Although the majority of adnexal masses will resolve spontaneously by the beginning of the second trimester, some cases are persistent forms which can result in complications for both mother and fetus.
Presentation of case: A 31-year-old pregnant woman was diagnosed with a left ovarian mucinous cystadenoma.
The ovarian cyst was first detected in the 8th week of pregnancy, measured 5×5 cm and reached 40×30 cm at 38 weeks of gestation.
The patient underwent an elective cesarean delivery along with a left salpingo-oophorectomy at term.
An alive female baby of 3000 g was delivered with good APGAR scores at the first and fifth minutes.
Histologic examination confirmed the diagnosis of a benign mucinous cystadenoma.
Dicussion: The option of surgical intervention versus conservative management should be tailored to the patient’s physical symptoms, characteristics of the tumor, and gestational age.
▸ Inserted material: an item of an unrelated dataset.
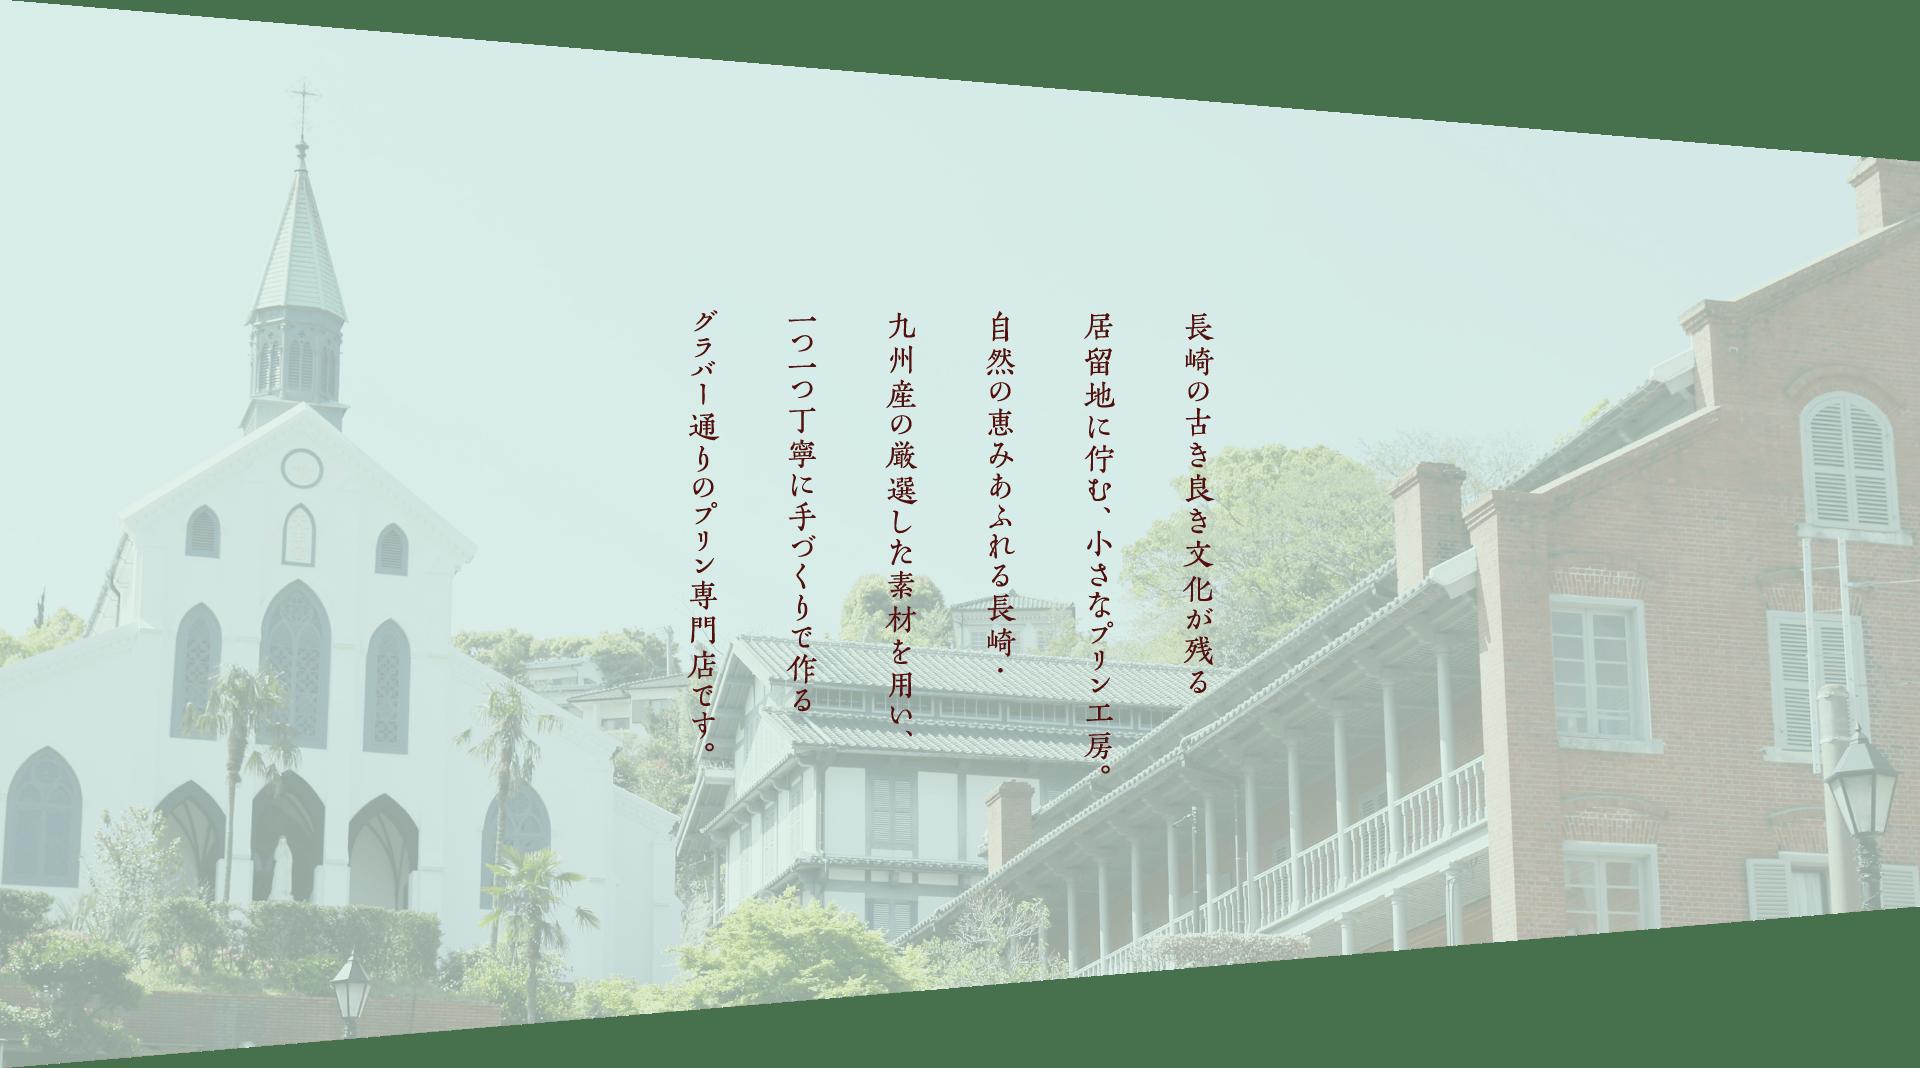 長崎の古き良き文化が残る居留地に佇む、小さなプリン工房。自然の恵みあふれる長崎・九州産の厳選した素材を用い、一つ一つ丁寧に手づくりで作るプリン専門店です。

An elective cesarean section along with salpingo-oophorectomy can be adopted for a giant ovarian cyst complicating term pregnancy.
There is a risk of recurrence after a removal of ovarian mucinous cystadenoma.
Conclusion: Ovarian cysts coexisting with pregnancy should be followed up properly by routine ultrasound and regular antenatal care.
The decision to postpone surgical management of a complex mass until the time of delivery must balance the risks and benefits for mother and fetus.
After surgery, the patient needs to be provided an appropriate follow-up care to manage postoperative recurrence.